Nachum Gutman (as he himself signed; alternate romanisation: Nahum Gutman; : October 5, 1898 – November 28, 1980) was a Moldovan-born Israeli painter, sculptor, and author.

Biography
Nachum Gutman was born in Teleneşti, Bessarabia Governorate, then a part of the Russian Empire (now in the Republic of Moldova). He was the fourth child of Sim[c]ha Alter and Rivka Gutman. His father was a Hebrew writer and educator who wrote under the pen name S. Ben Zion. In 1903, the family moved to Odessa, and two years later, to Ottoman Palestine. In 1908, Gutman attended the Herzliya Gymnasium in what would later become Tel Aviv. In 1912, he studied at the Bezalel School in Jerusalem. In 1920–26, he studied art in Vienna, Berlin and Paris.

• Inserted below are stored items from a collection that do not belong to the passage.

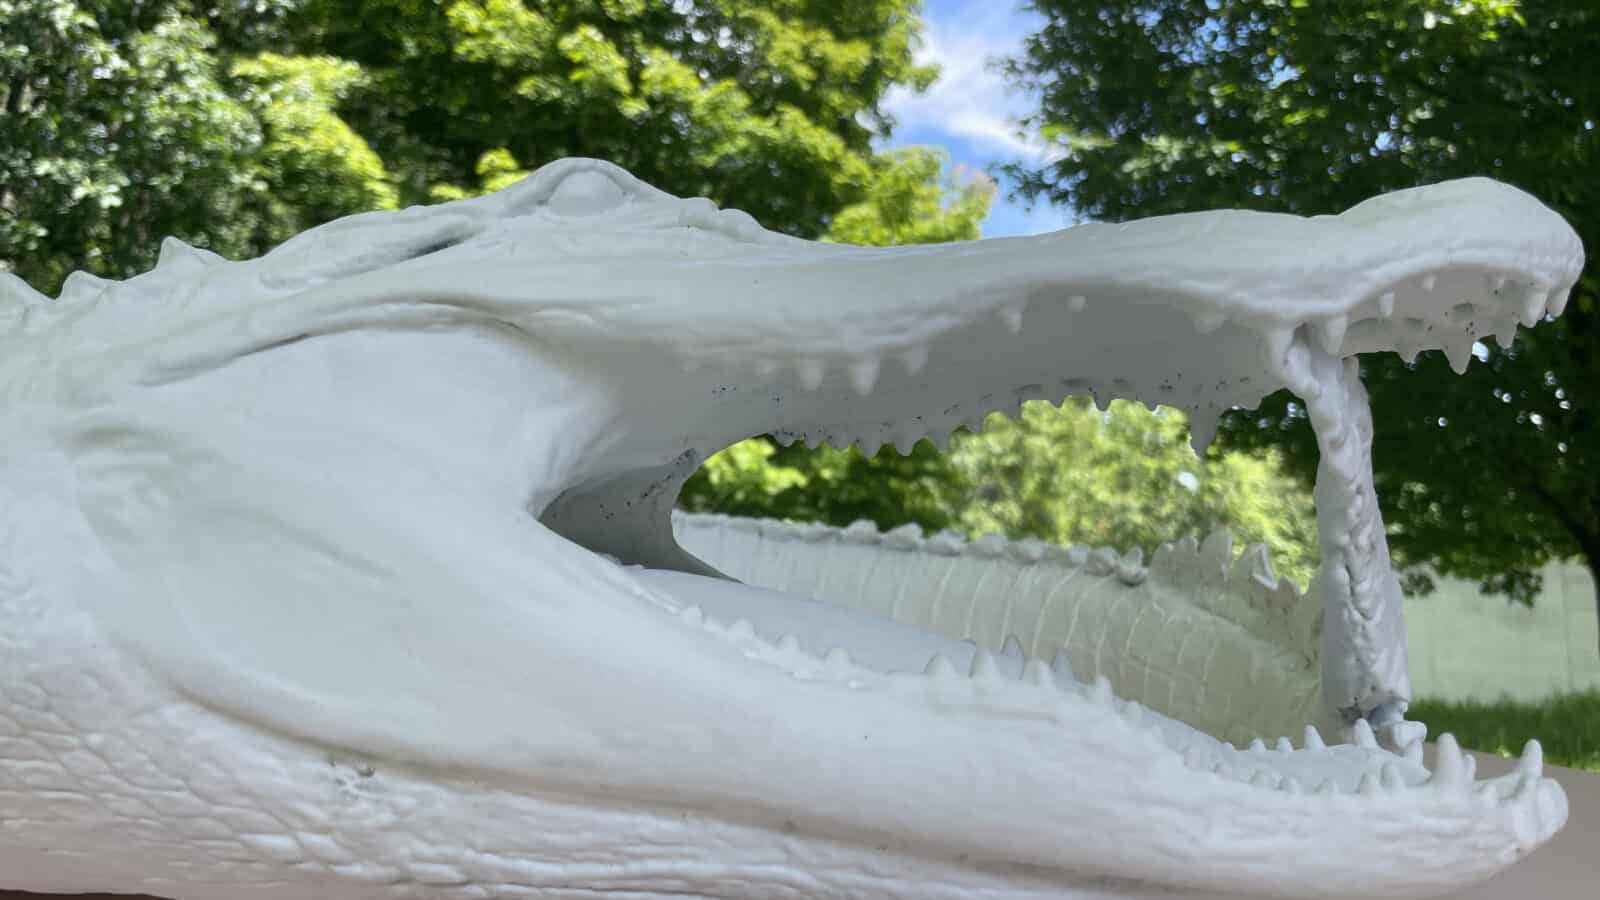 An alligator takes its tail in its mouth in an echo of the mythical ouroboros in Allison Janae Hamilton's sculpture at the Clark Art Institute.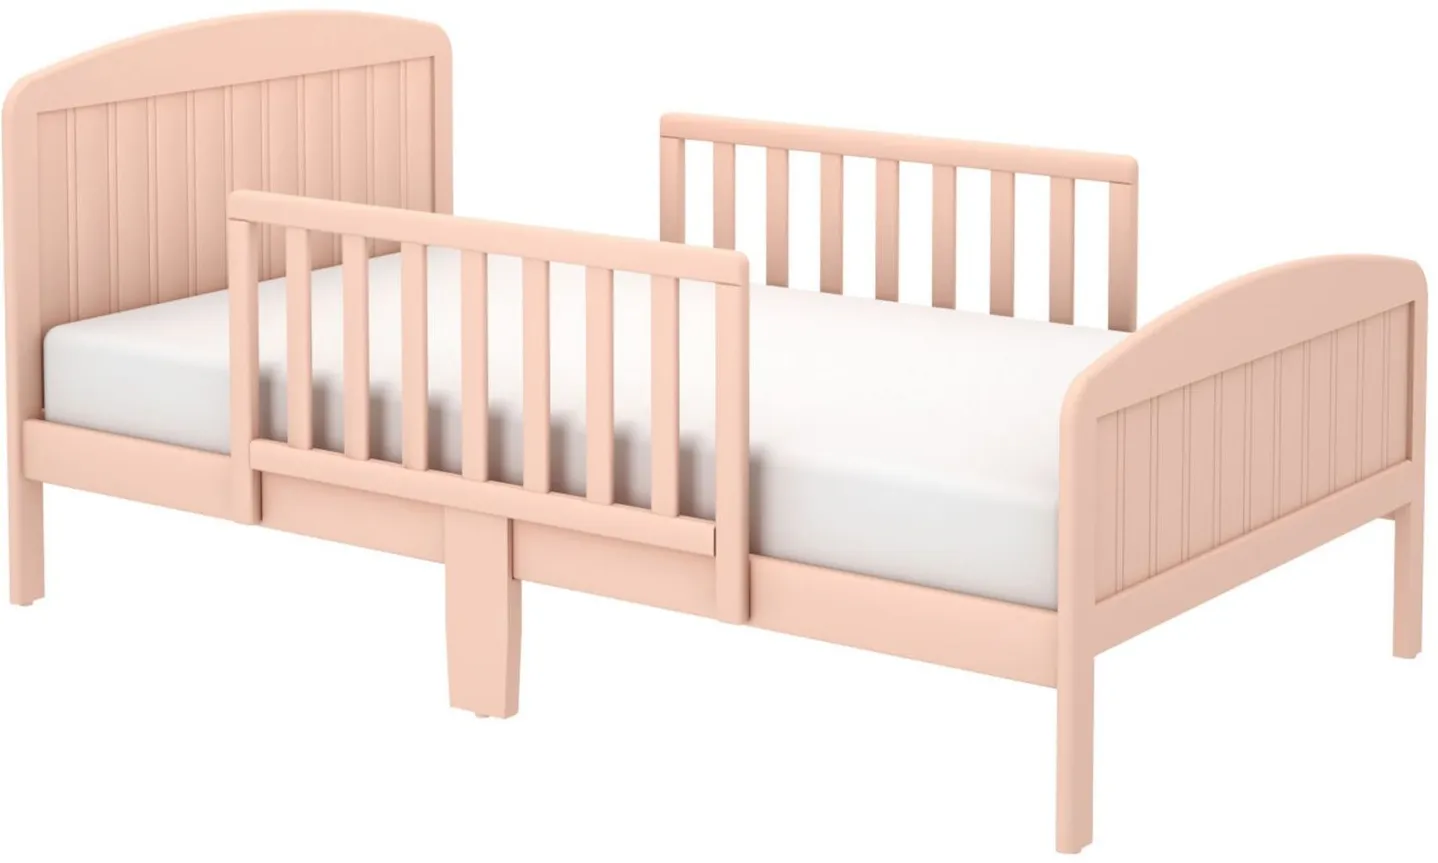 Harrisburg Toddler Bed in Clay by BK Furniture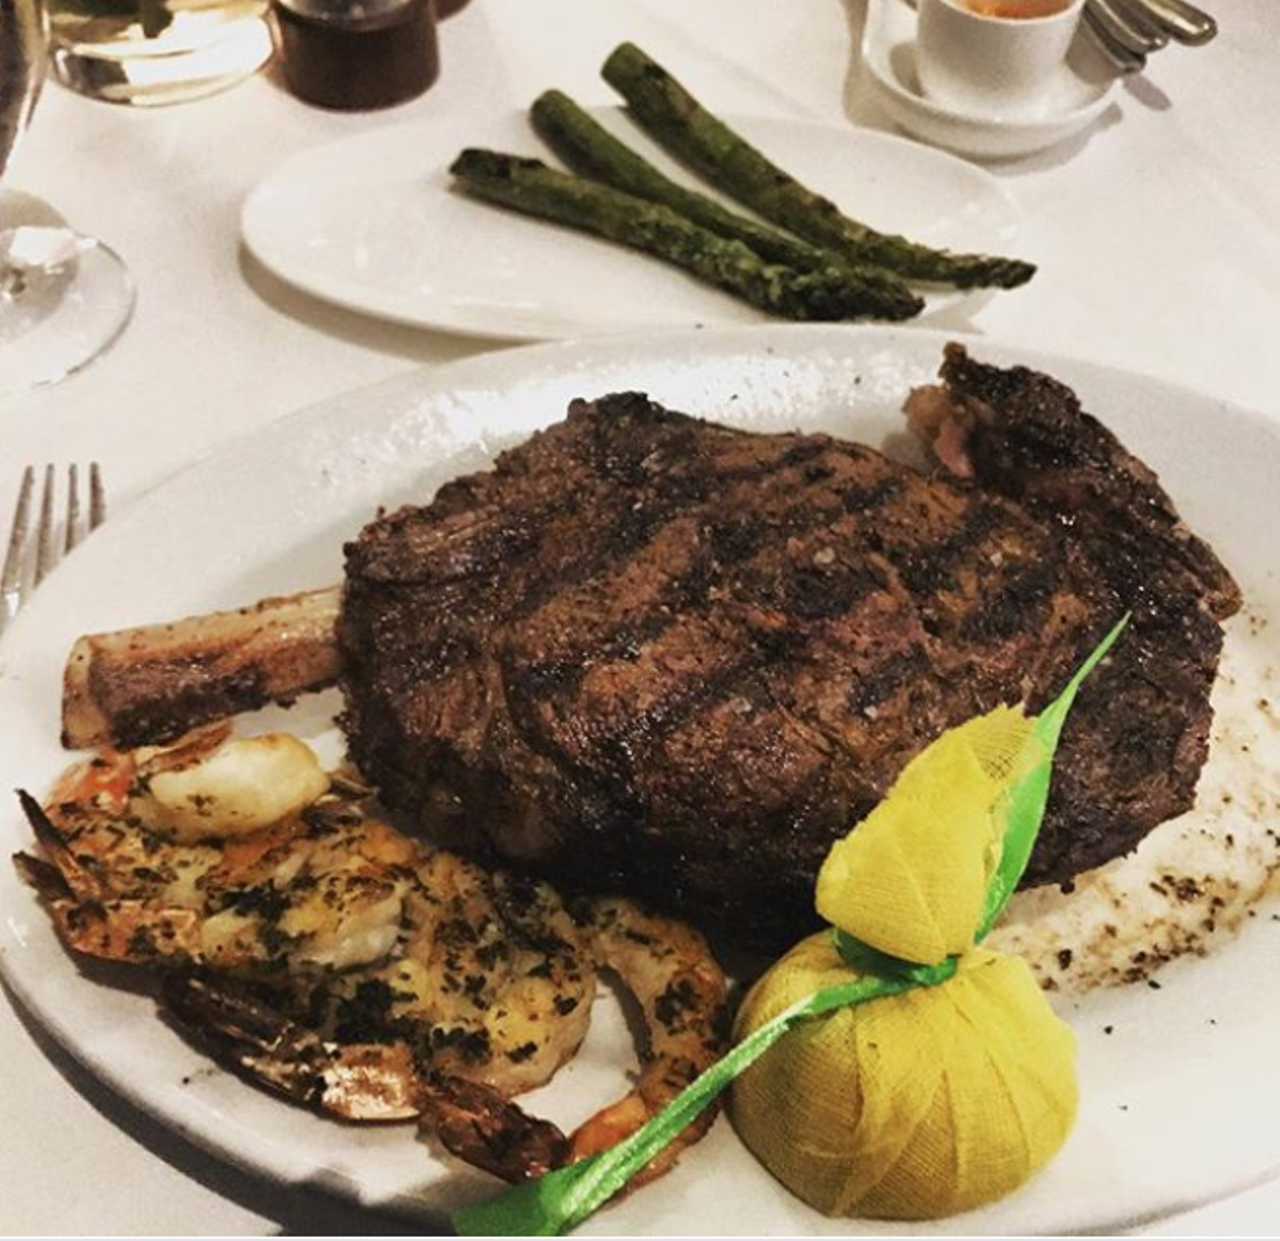 J Prime Steakhouse
1401 North Loop 1604 W, (210) 764-1604, jprimesteakhouse.com
Be prepared to bring the big bucks for a J Prime steak. With specialty cuts starting at $49, this is a spot reserved for special occasions.
Photo via Instagram / neilgarcia.13

Gutman was married to Dora, with whom he had a son. After Gutman's death in 1980, Dora asked two Tel Aviv gallery owners, Meir Stern of Stern Gallery and Miriam Tawin of Shulamit Gallery, to appraise the value all of the works left in his estate.

Artistic career

Gutman helped pioneer a distinctively Israeli style, moving away from the European influences of his teachers. He worked in many different media: oils, watercolours, gouache and pen and ink.

His sculptures and brightly colored mosaics can be seen in public places around Tel Aviv. Indoor murals depicting the history of Tel Aviv can be seen in the western wing of the Shalom Tower and the Chief Rabbinate building.

A mosaic fountain with scenes from the early days of Tel Aviv and biblical stories connected to Jaffa (inscribed with 3 Bible verses: Jeremiah 31:4, 2 Chronicles 2:16, Jonah 1:3), stood for 32 years at the end of Bialik Street, opposite the old Tel Aviv municipality building. In 2012 this mosaic fountain was reinstalled at the southern end of Rothschild Boulevard.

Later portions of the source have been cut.